Alzo las manos, las palmas hacia arriba.

—¿Qué? ¿El orinal de Zeus?

Las cinco mujeres vuelven a retroceder un paso, como si hubiera dicho alguna obscenidad. Recuerdo que (por buenos motivos) la blasfemia no es el deporte casual que era en mi época, a finales del siglo XX. Estos dioses son muy reales, e insultarlos tiene sus consecuencias. Miro las paredes y espero que el plomo nos proteja en efecto de la mirada del Olimpo... no por el chiste a costa de la escupidera, sino por lo que parece que planeamos decidir aquí.

—Cuando estuve con Afrodita durante el juicio de los dioses —dice Helena en voz baja—, vi a la diosa cepillarse el brillante cabello con un hermoso peine de plata forjado por algún dios de la artesanía. Ve a sus habitaciones en el Olimpo y tráelo.

Empiezo a recordarles lo que les he dicho ya, que Afrodita está ahora mismo flotando en una tina de curación, pero de pronto caigo en la cuenta de que eso da igual. Su peine no estará en el tanque con ella.

—Muy bien —digo, agarrando el medallón y recogiendo el Casco de Hades—. No os vayáis a ninguna parte mientras estoy fuera.

Me pongo la capucha antes de disparar el medallón, así que mi voz debe de llegarles desde el vacío en el segundo o dos que transcurren antes de que me TCee.

No sé con seguridad dónde están las habitaciones privadas de Afrodita (probablemente ocupa una de esas casas blancas del tamaño de un templo situadas a lo largo del cráter del lago de aquí arriba), pero recuerdo que en el momento en que me llevó aparte, casi seduciéndome, cuando me dijo que tenía que matar a Atenea, la musa me había llevado a ver a Afrodita a una cámara situada a la salida del gran salón de los dioses. Si no eran sus habitaciones privadas, mantenía por lo visto un apartamento en el gran salón, una especie de
pied-à-terre
olímpico.

Aparezco en el gran salón y contengo el aliento.

Los muchos niveles están vacíos, el salón casi oscuro y en la gigantesca piscina de visión holográfica sólo hay estática tridimensional.
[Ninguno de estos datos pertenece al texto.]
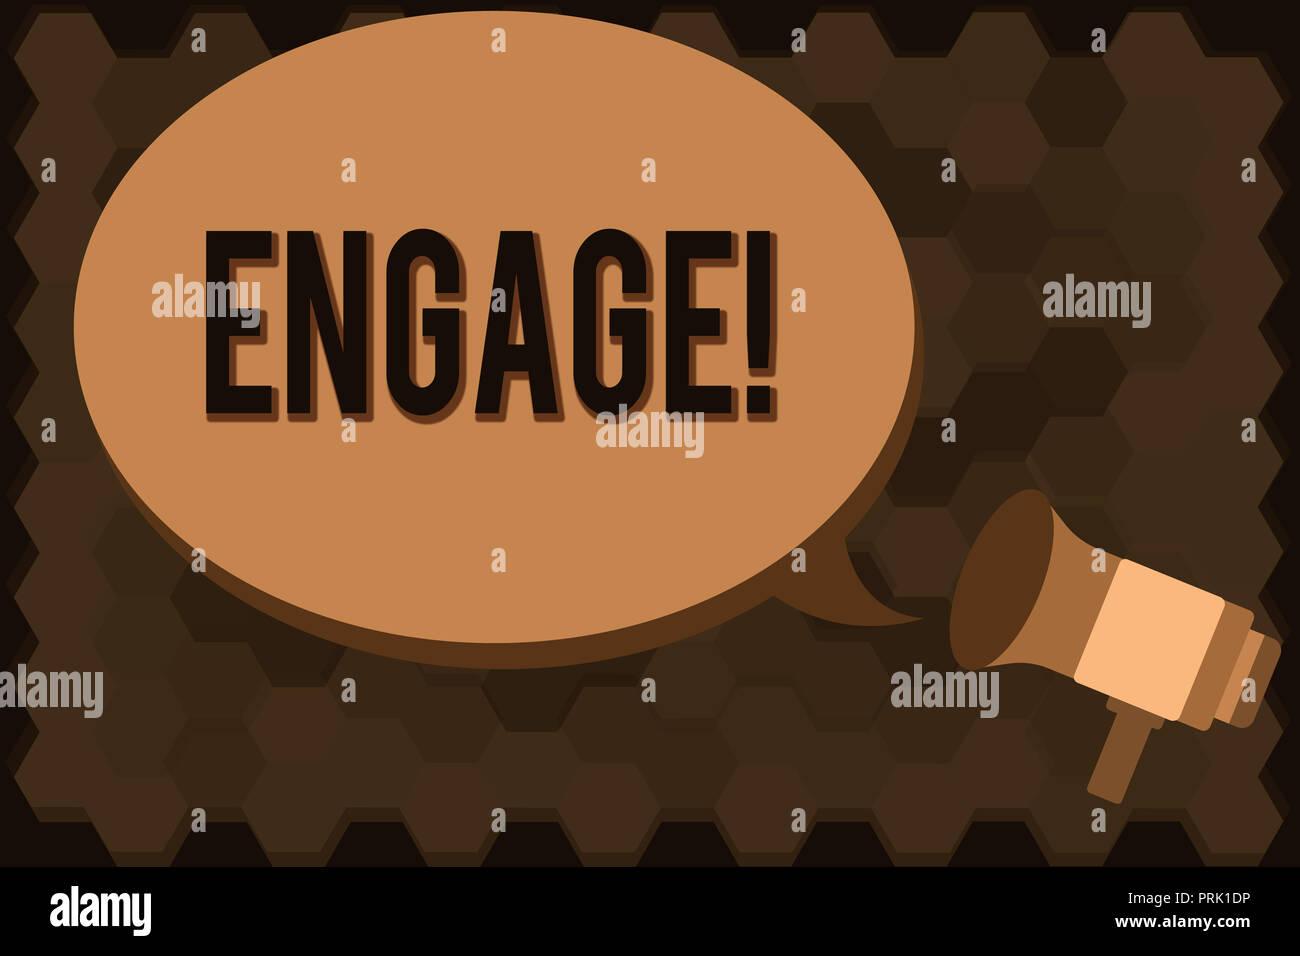 Handschrift Text einrücken. Konzept Bedeutung beteiligen beteiligt werden Heiratsantrag jemanden einstellen. Stockbild
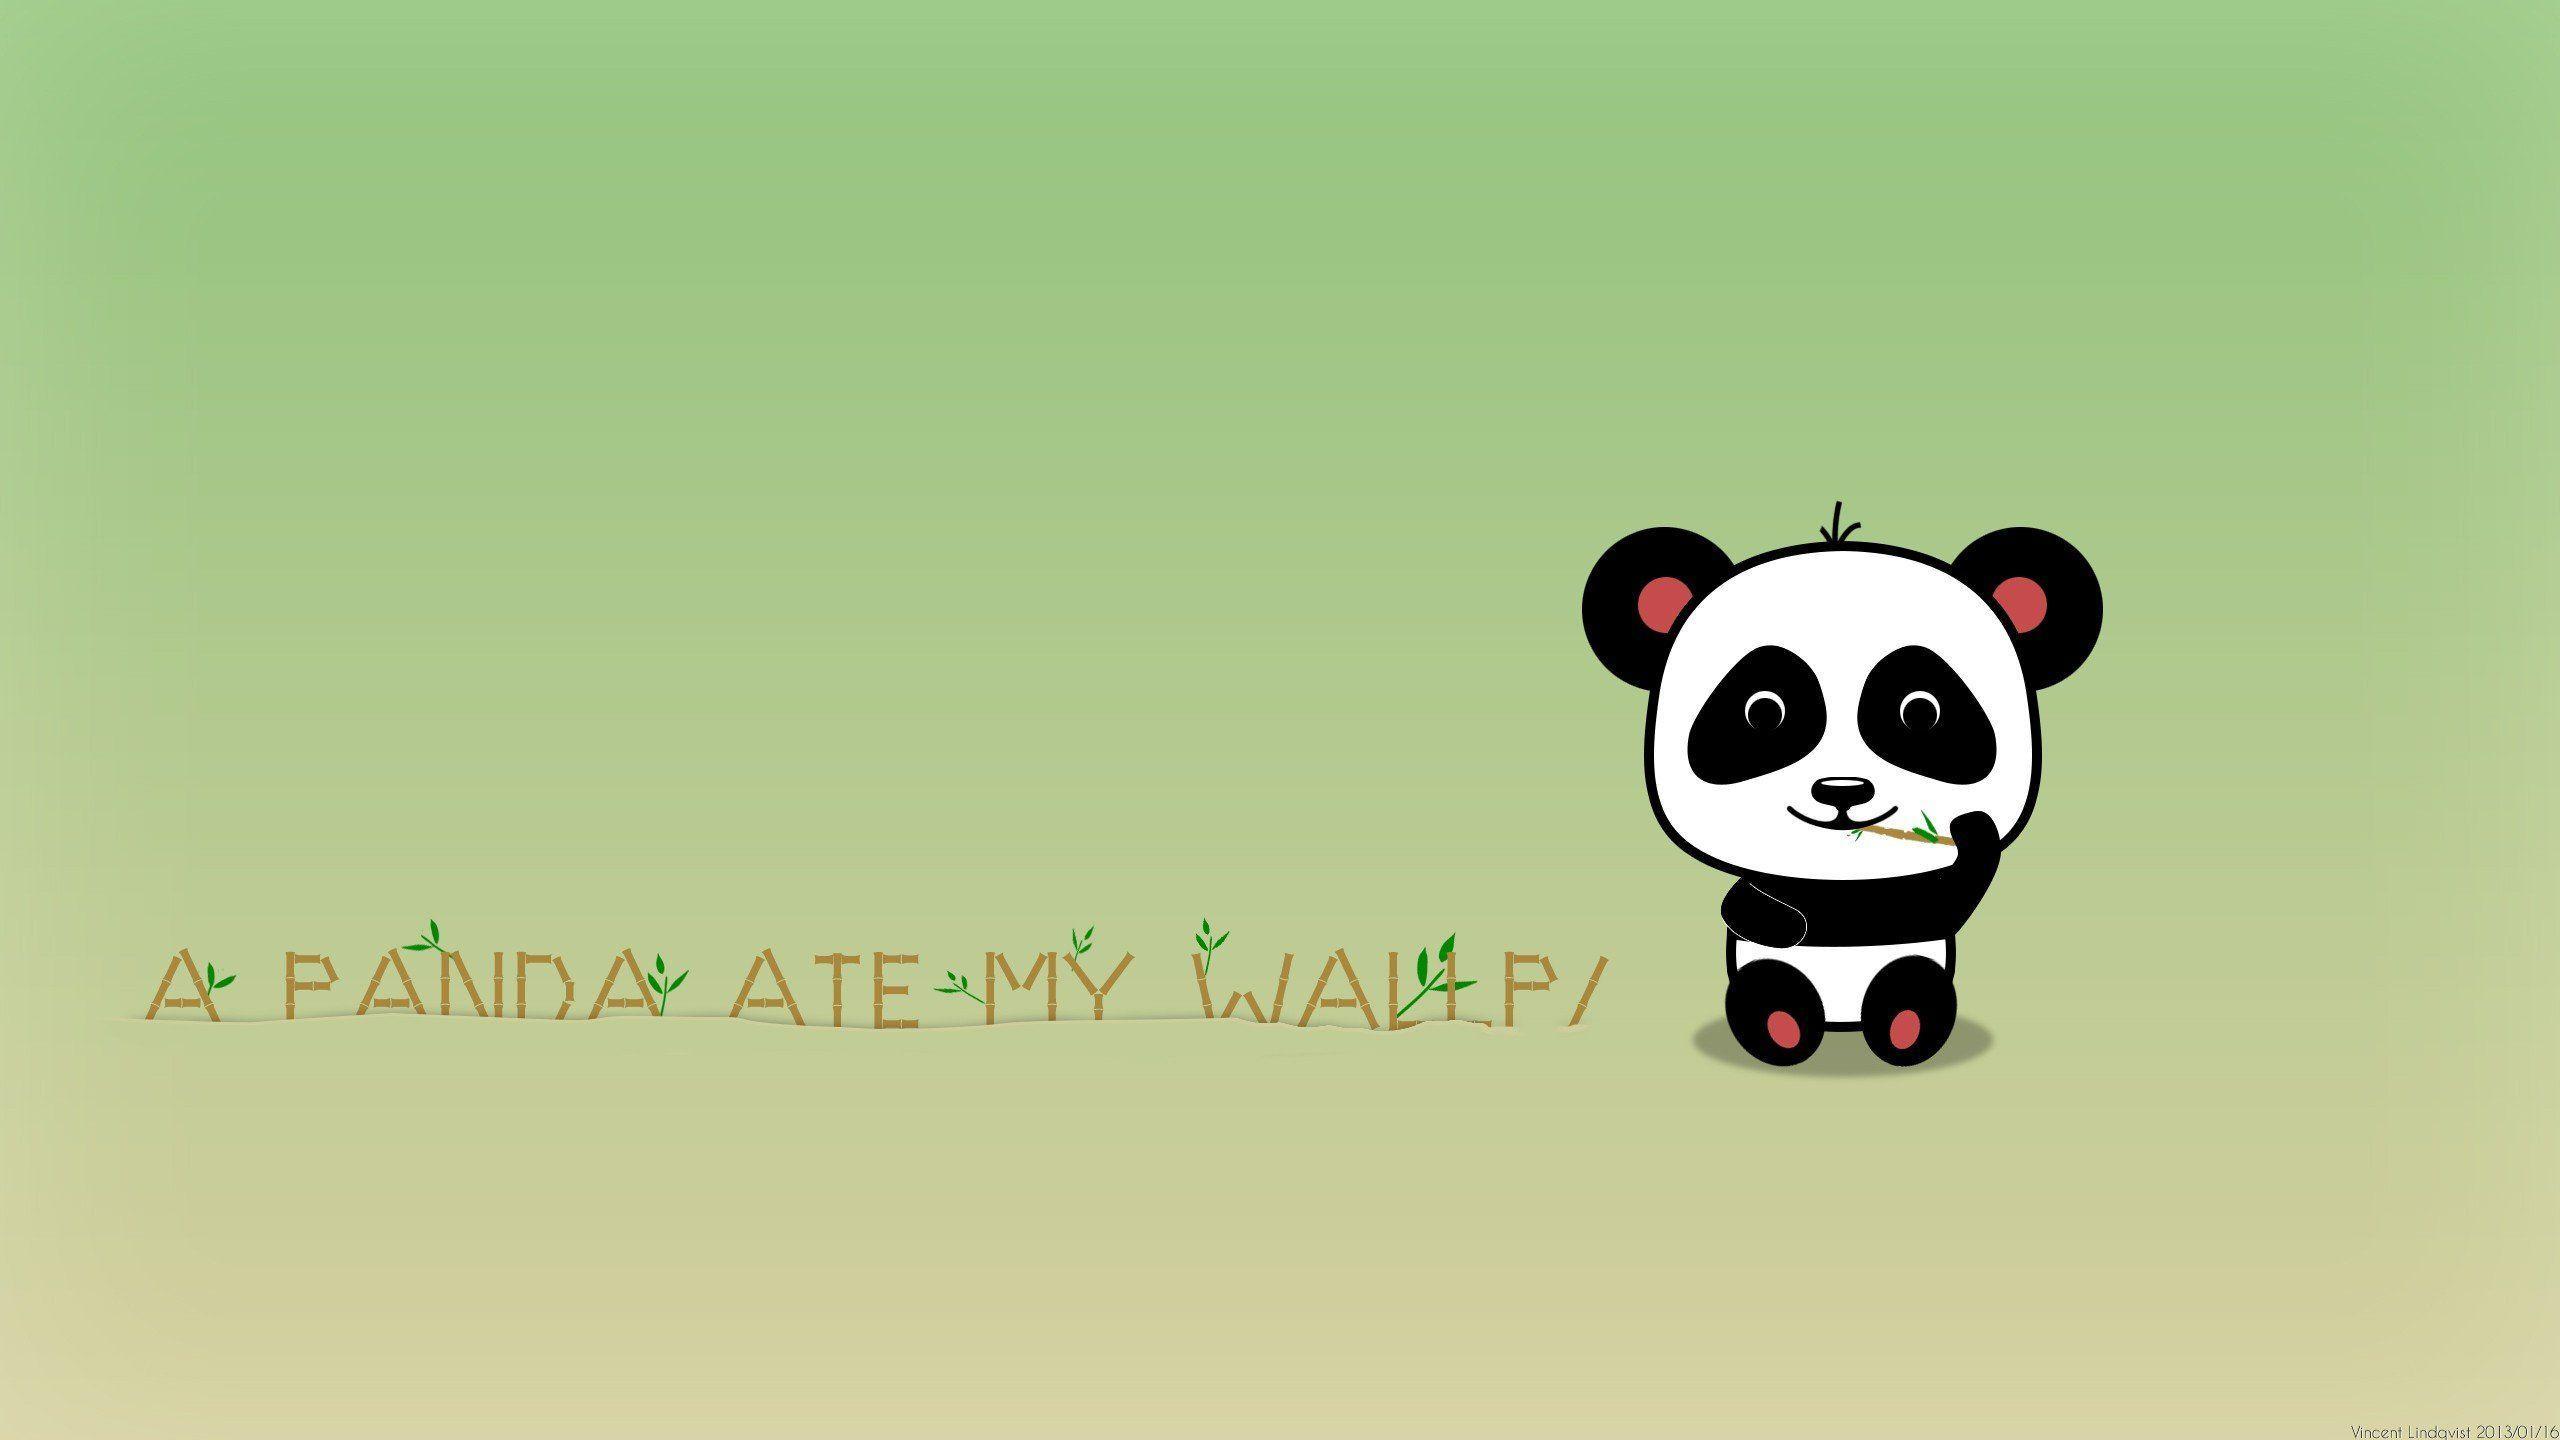 Panda bear pics cartoon wallpaper

Pero varios dioses están aquí, incluido Zeus, a quien yo imaginaba lejos, sentado en el monte Ida contemplando la matanza en el campo de batalla de Troya. El rey de los dioses está sentado en su alto trono dorado. Cerca hay otros dioses varones, entre ellos Apolo. Todos son altos, de tres metros o más. Estoy a doce metros de distancia y soy invisible bajo el Casco de Hades, pero casi contengo el aliento, temeroso de que me oigan respirar. Pero su atención está fija en otra cosa.

Ante el trono, en el centro del círculo de dioses, incongruentes por decirlo de manera suave, se encuentran lo que parece ser un gigantesco cangrejo metálico, cascado y abollado, del tamaño de un Ford Expedition, un par de aparatos de aspecto futurista y un pequeño y brillante robot humanoide. El robot está hablando... en inglés. Los dioses lo escuchan, pero no parecen contentos.

38
Atlántida y órbita terrestre

—No comprendo por qué los posthumanos llamaron «Atlántida» a ese lugar al que nos dirigimos —dijo Harman.

Savi, a los controles del reptador, contestó:

—No puedo decir que haya comprendido jamás la mayoría de las acciones de los posts.

Daeman alzó la cabeza masticando despacio su tercio de la única barra nutritiva que les quedaba.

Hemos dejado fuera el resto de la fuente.